Home ITCAbout ITCCentres of expertiseCenter of Expertise in Big Geodata ScienceBig Geodata TalksTime Series Machine Learning Predictions: Moving from modeling to production environment

Time Series Machine Learning Predictions: Moving from modeling to production environment

Join us for the Big Geodata Talk on Moving from Modeling to Production Environment!

The increasing in Earth Observation data availability (Landsat & Sentinel systems) and cross-cutting themes reference data (EuroCROPS, WorldCereal, Glance, GBIF), combined with the development of new machine learning approaches (semantic segmentation, auto-encoder, gradient descent tree, autoML) opened several possibilities for producing time-series spatial predictions.

However several challenges are involved in deploying ML models in a production environment considering large amount of data, including: (1) data reading/writing optimization, (2) feature selection, (3) hyper-parameter optimization, (4) time-series reconstruction, and (6) efficient parallelization.

This talk Dr. Leandro Leal Parente will share lessons learned and the computational infrastructure implemented by OpenGeoHub for producing global time-series predictions (grassland, soil carbon, FAPAR, and GPP products) within the context of Open-Earth-Monitor cyberinfrastructure (OEMC) and Global Pasture Watch projects.

Date

11 December 2024, 14:00-15:00 CET

Venue

ITC Building, Hallenweg 8
7522 NH Enschede
LA 2301

or

Online

Speaker

Dr. Leandro Leal Parente
Researcher, OpenGeoHub

Dr. Leandro Leal Parente is a computer scientist with a PhD in Environmental Science working with remote sensing, data science, machine learning, high-performance computing and WebGIS applications. He supports the OpenGeoHub Foundation's projects developing new solutions for geocomputing, optimizing automated workflow to process large-scale Earth Observation data and to model multiple environmental variables through machine learning approaches.

Video

Presentation

Questions and Answers


  • Is there any specific strategies for parallelization that can optimize the processing itself? and is there any kind of concern regarding the energy consumptions for processing very large datasets?

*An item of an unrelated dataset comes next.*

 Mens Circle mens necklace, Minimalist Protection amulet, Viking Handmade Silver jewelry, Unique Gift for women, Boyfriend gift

    The first strategy is to split the workflow. Each CPU processes a single pixel. We split processes across the servers, but inside each server, we really try to optimize the workflow. Hence, this is distributed but also parallelized for every server. So most of our infrastructure we manage by ourselves, and we basically have this running Colocation service solution based Ede. We did some research about this service solutions, and they had some green energy certifications.

  • You showed several machine learning techniques, Did you see a significant difference between the models and what's your take from computing platforms or from computing time point of view? and 120,000 hours is for the complete work, which includes all testing and different types of models, right?

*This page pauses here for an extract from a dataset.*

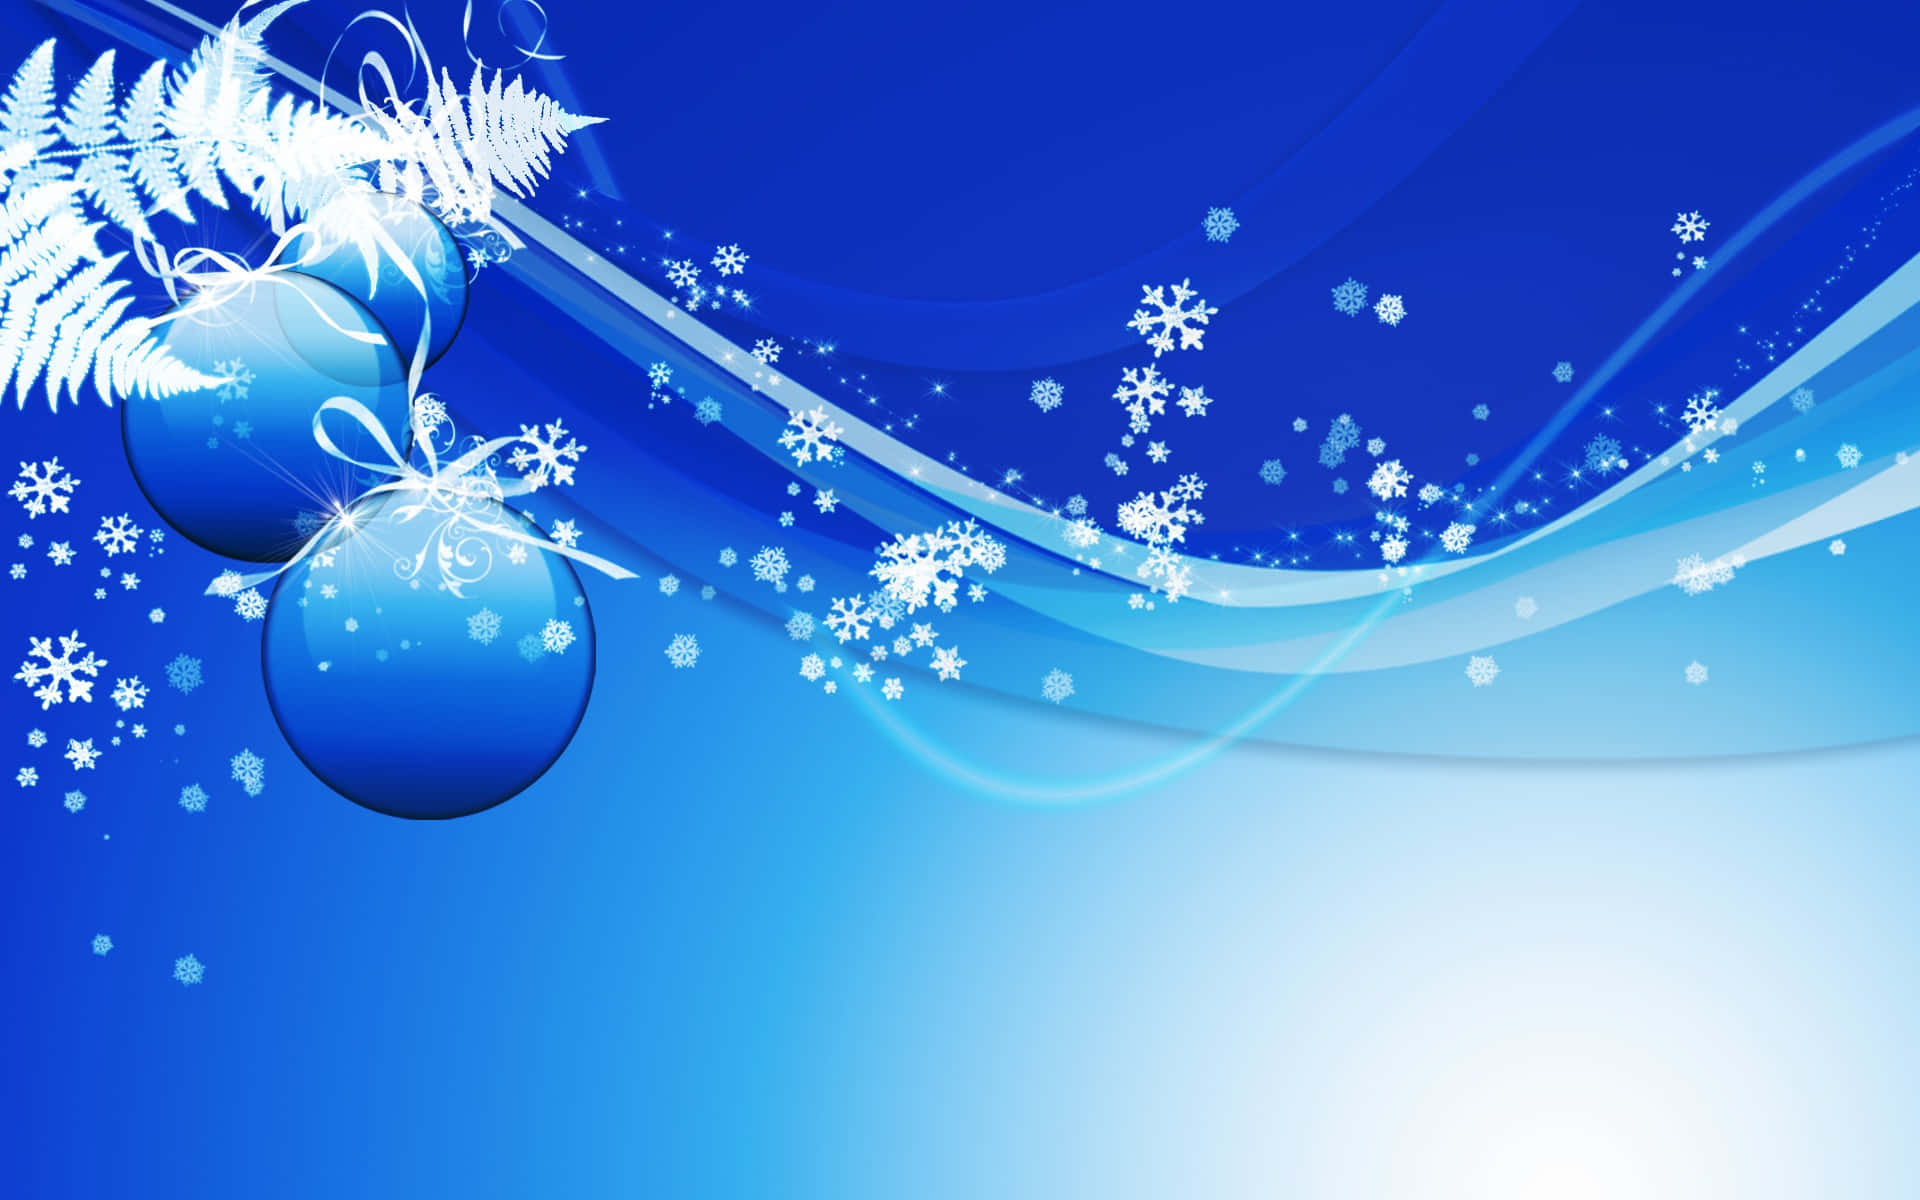 Add a touch of blue to your holiday celebrations with this festive Blue Christmas background

    No, most of the time is spent on predictions. For instance, we have 14 servers, each with 1TB RAM and 96 cores, for Grassland models using Random forest with 60 trees and one model for each class of grassland. We dropped it from 100 to 60 trees which resulted 20-30% percent faster speeds. I would say the random forest is still a bit more computationally and in general produce better results depending on the problem.

  • Do you also consider using CNN deep learning models for your work?

    We tested some deep learning approach and faced challenges for some variables with scarce data like soil parameters. The main reason for not using deep learning is lack of reference data.

  • Can you provide more information on OpenGeoHub?

    The summer school starts from 1st to 6th September 2025. We are organizing together with SURF and EO Council. The Summer School will consist of live presentations and demos by leading EO modelers and OSGeo developers, workshops, discussion panels, machine learning competition, and several social events. The summer school will feature an impressive lineup of lecturers and targets PhD, MSc level students and postdocs in the field of geospatial, environmental data, EO data, computer science and computer vision.

  • The workflow and dataset is open but 120000 hours is still a long time. How do you reflect on reproducibilty of platform?

    The docker image for reproducible environment is publicly available but doing production work would require significant hardware. Hence, people interested in should have infrastructure for their purpose.

  • Is it possible to use and integrate multi-sensor EO data using machine learning with climate and meteorological datasets to assess and predict short- and long-term risks to vulnerable infrastructure?

    Yeah, it should be possible, but I think that the challenge is really communicating all. One can also have the the models running some small devices and doing some prediction and basically aggregate that in a central system, and there are architectures available.